▶ **BRIEF**
An exact copy of the data is needed, but without any of its images.

(EXERCISE DATA Opens)

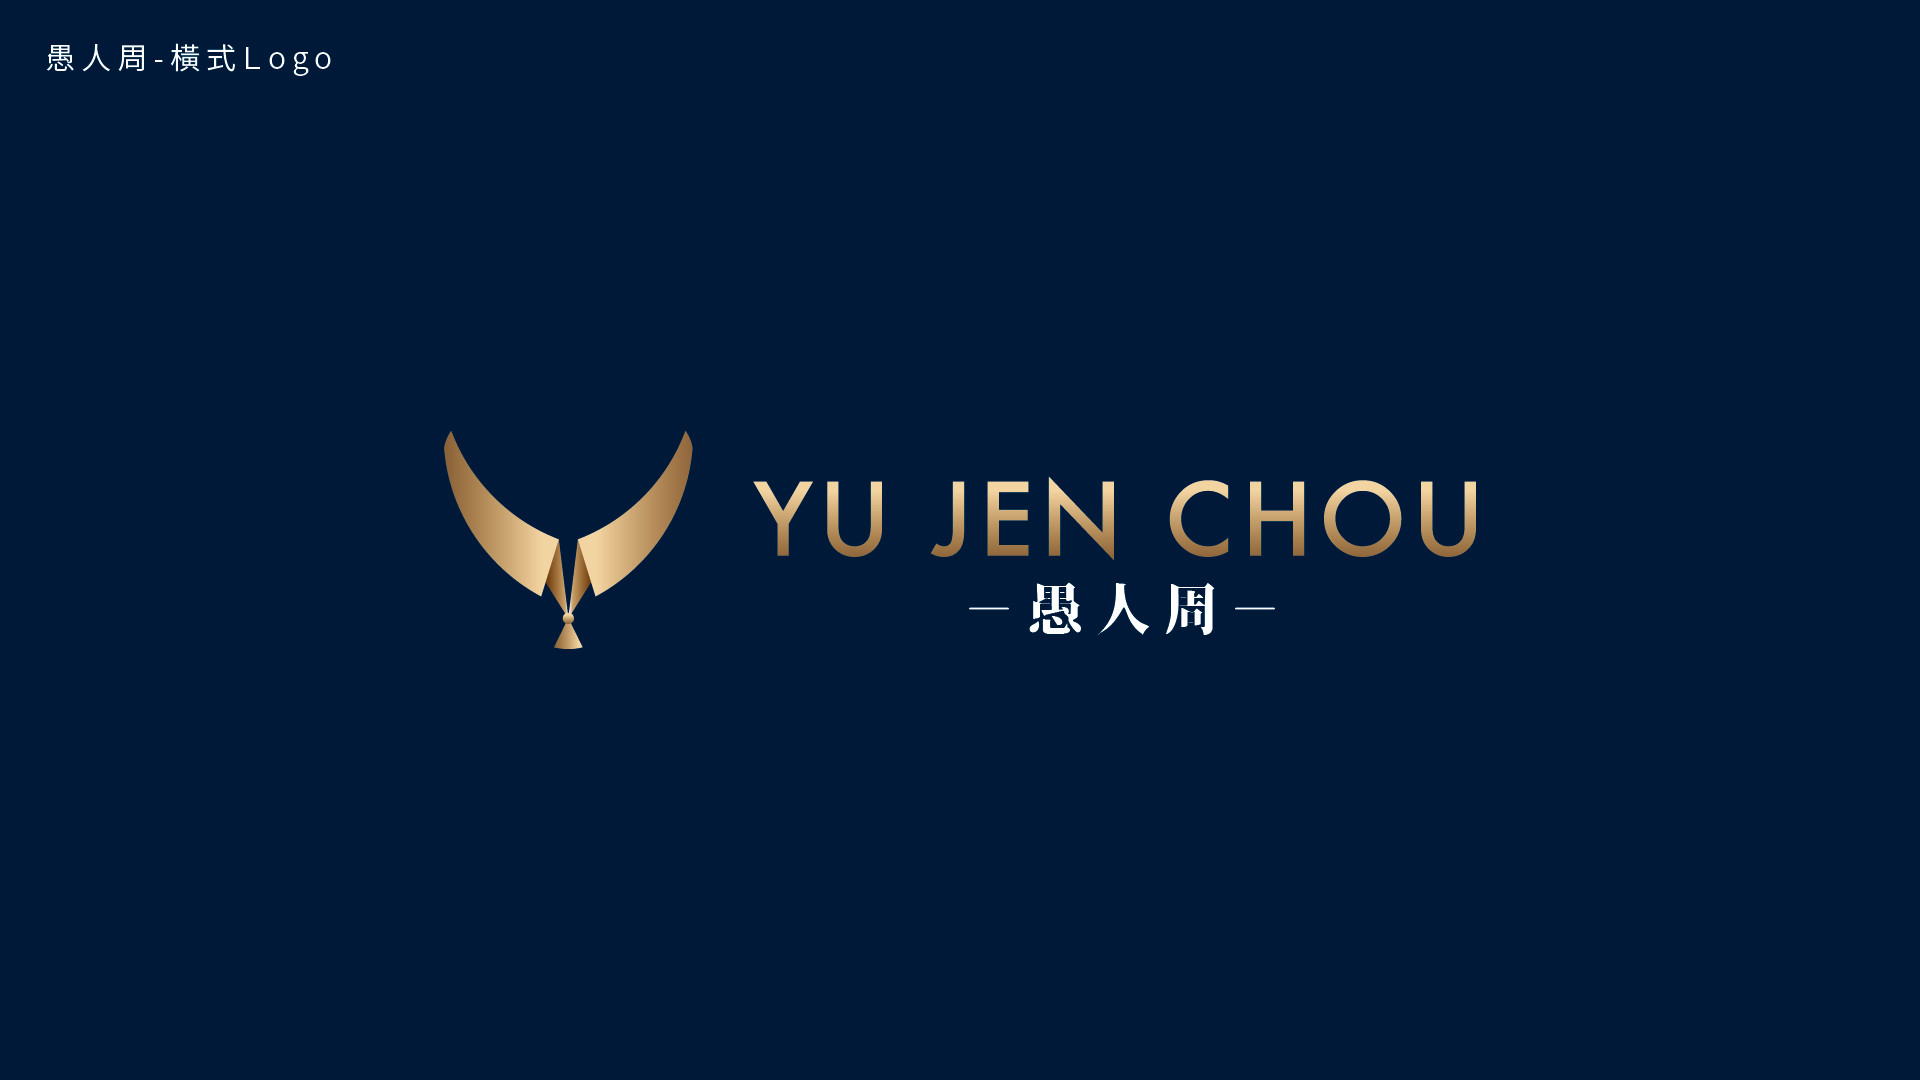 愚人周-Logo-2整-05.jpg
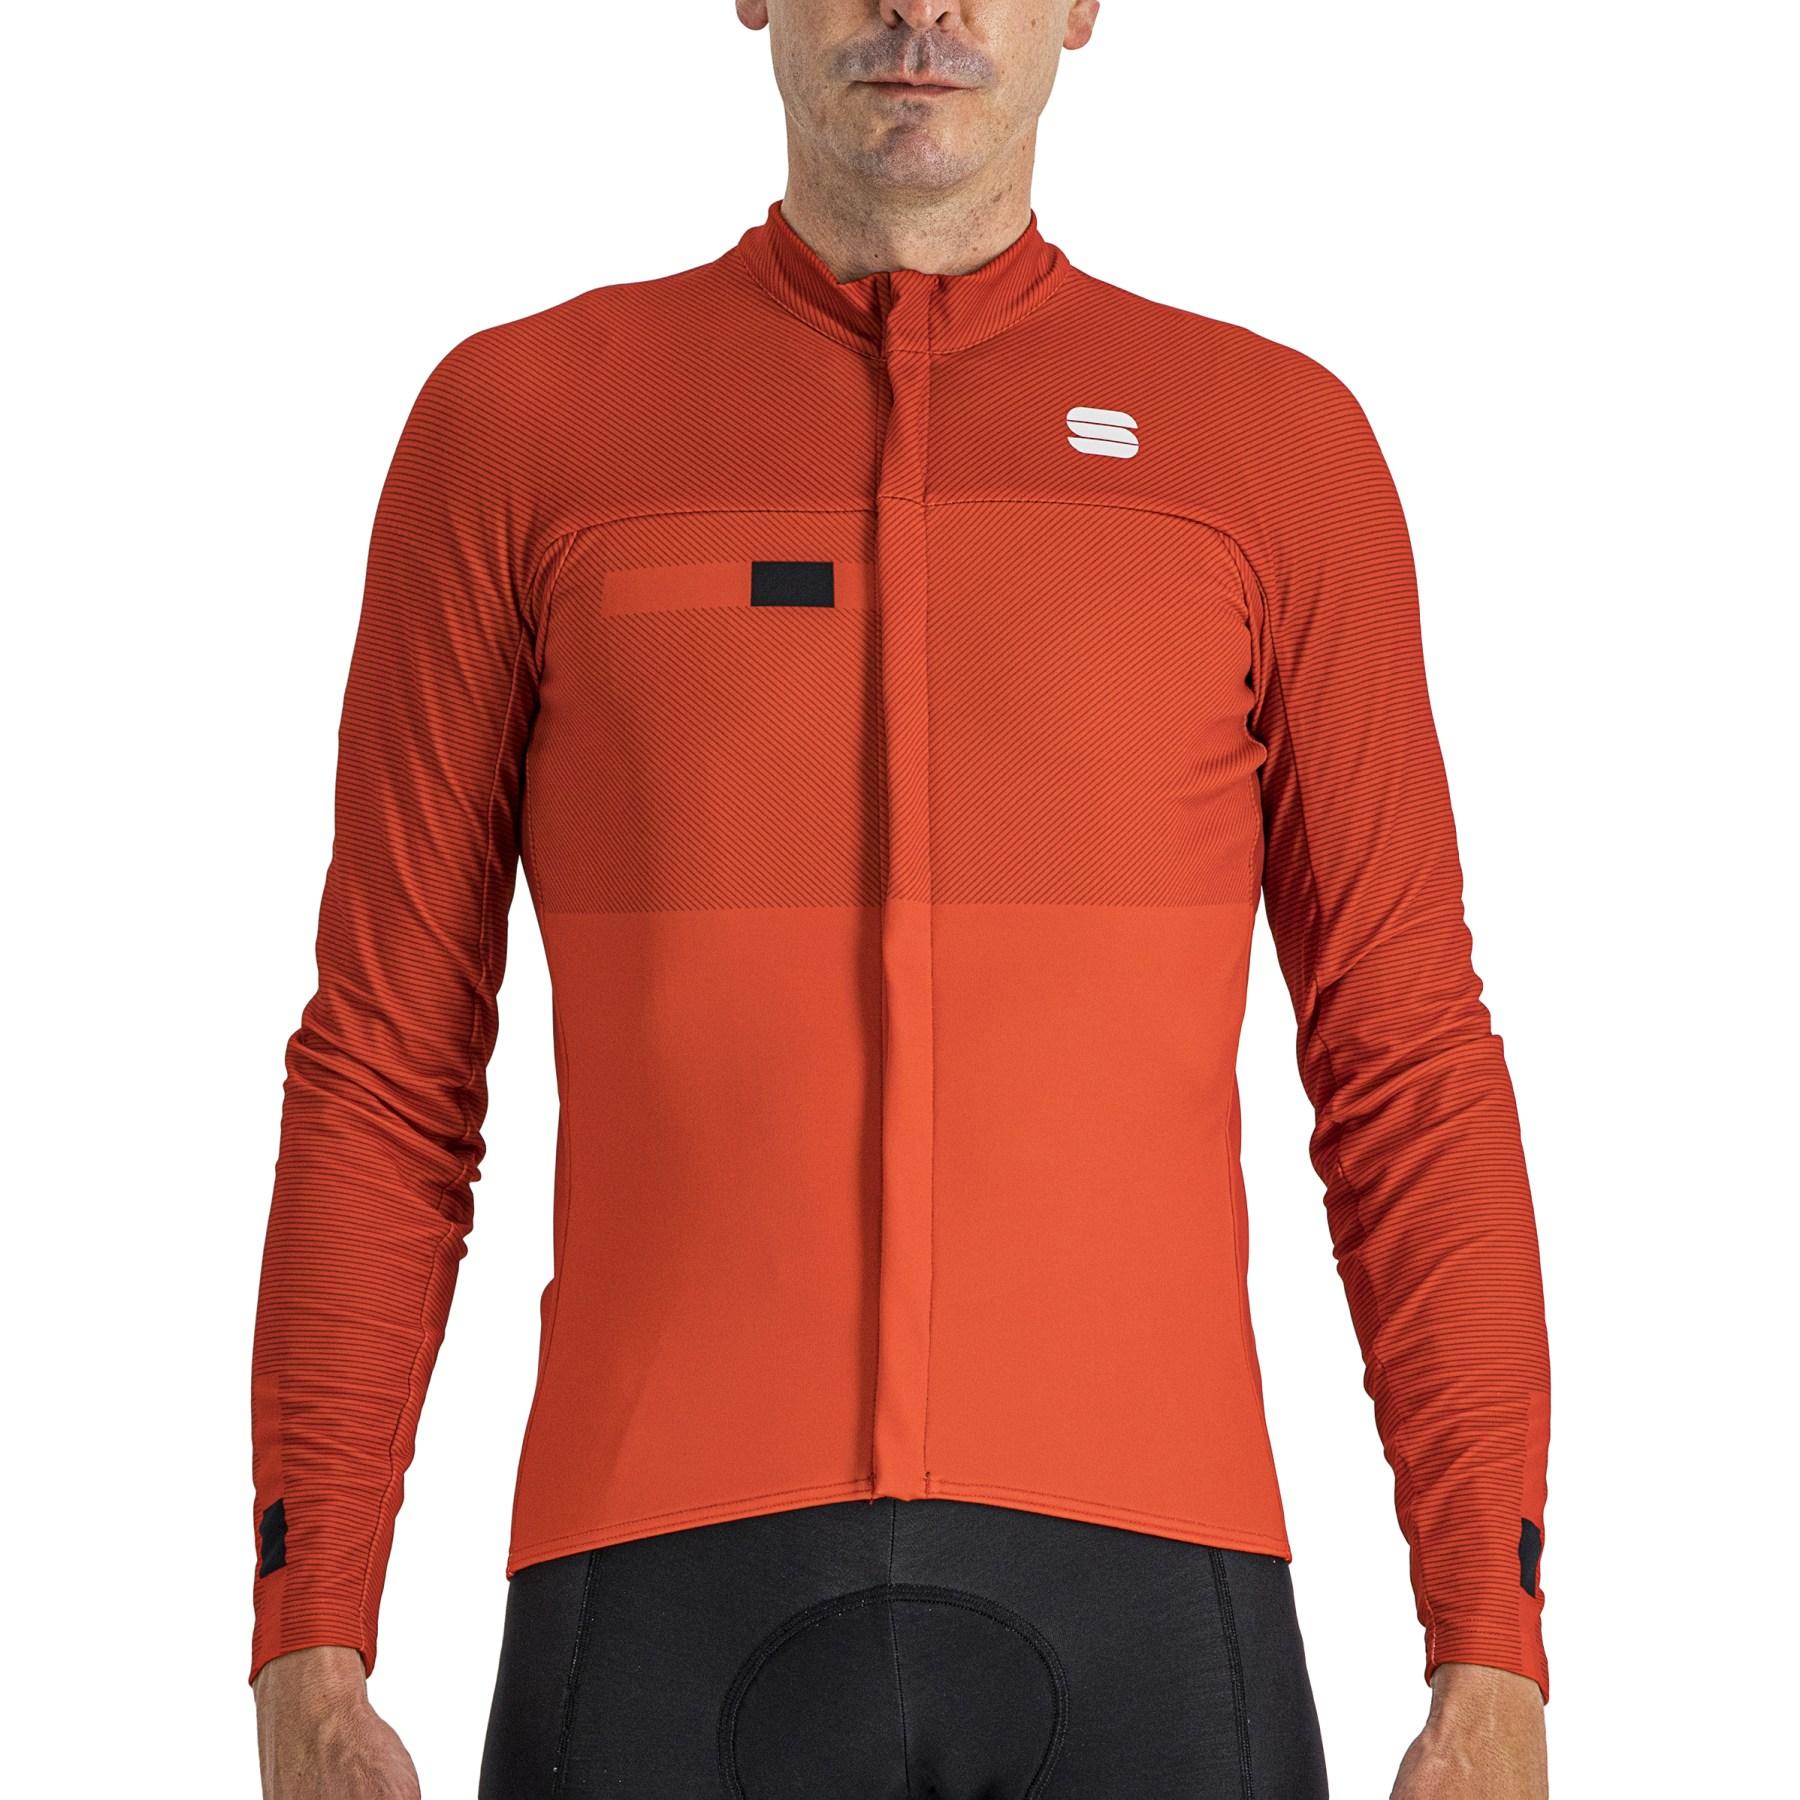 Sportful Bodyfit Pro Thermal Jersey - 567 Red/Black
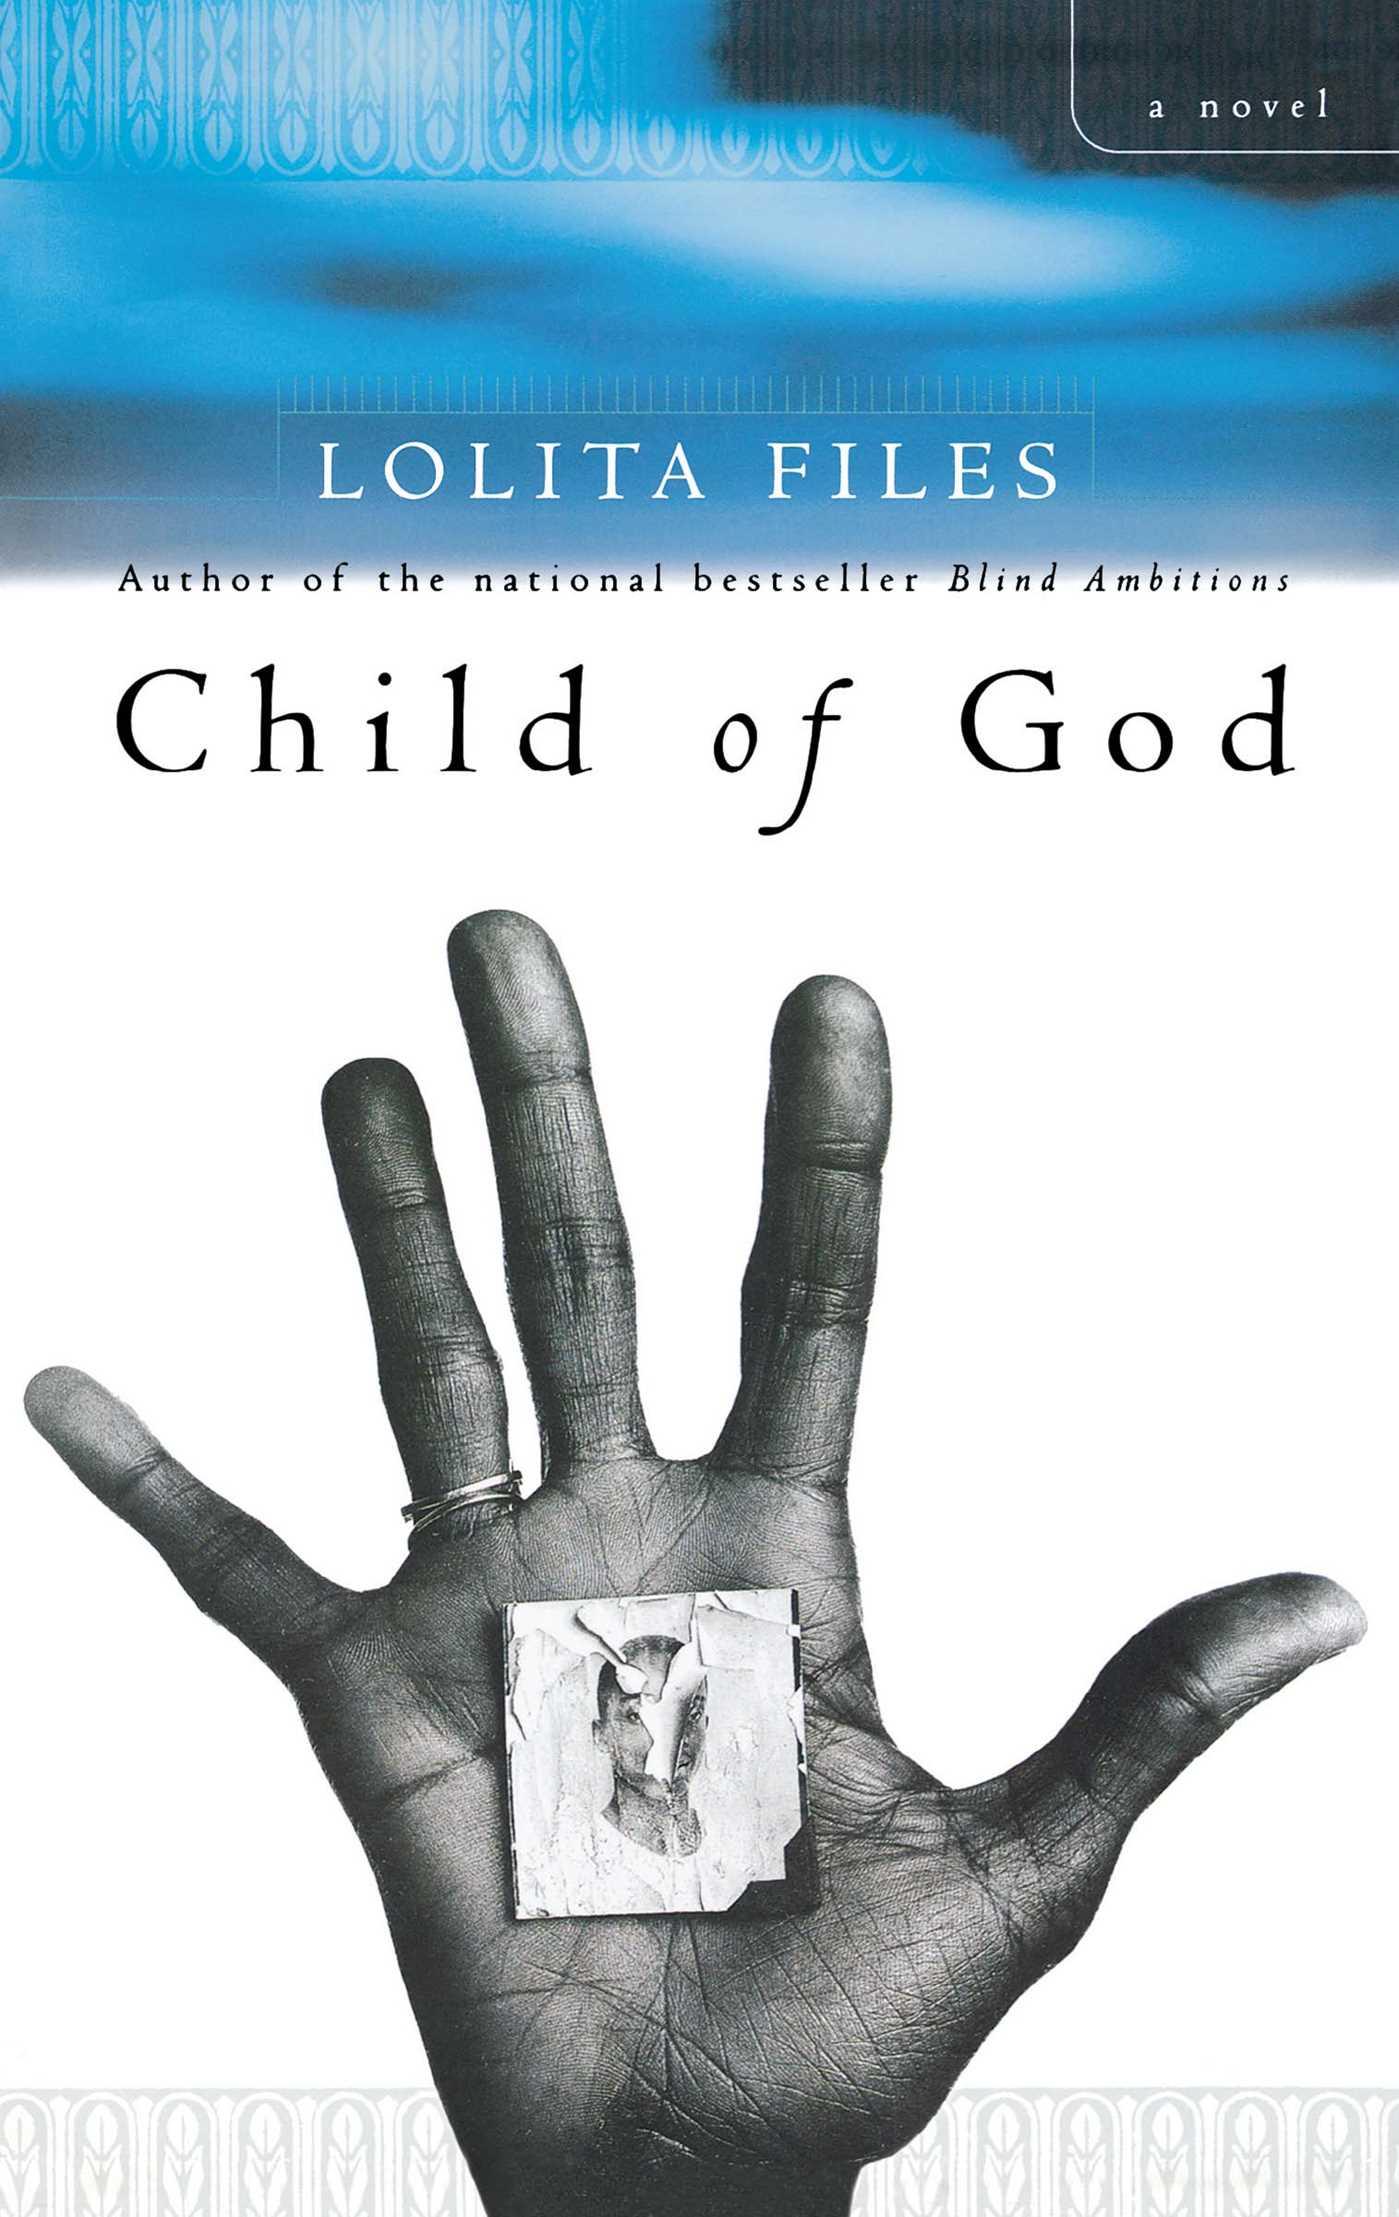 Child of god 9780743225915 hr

(EXERCISE DATA Closes)

▶ **YOUR RESPONSE**
 愚人周-Logo-2整-05.jpg
 Sportful Bodyfit Pro Thermal Jersey - 567 Red/Black
 Child of god 9780743225915 hr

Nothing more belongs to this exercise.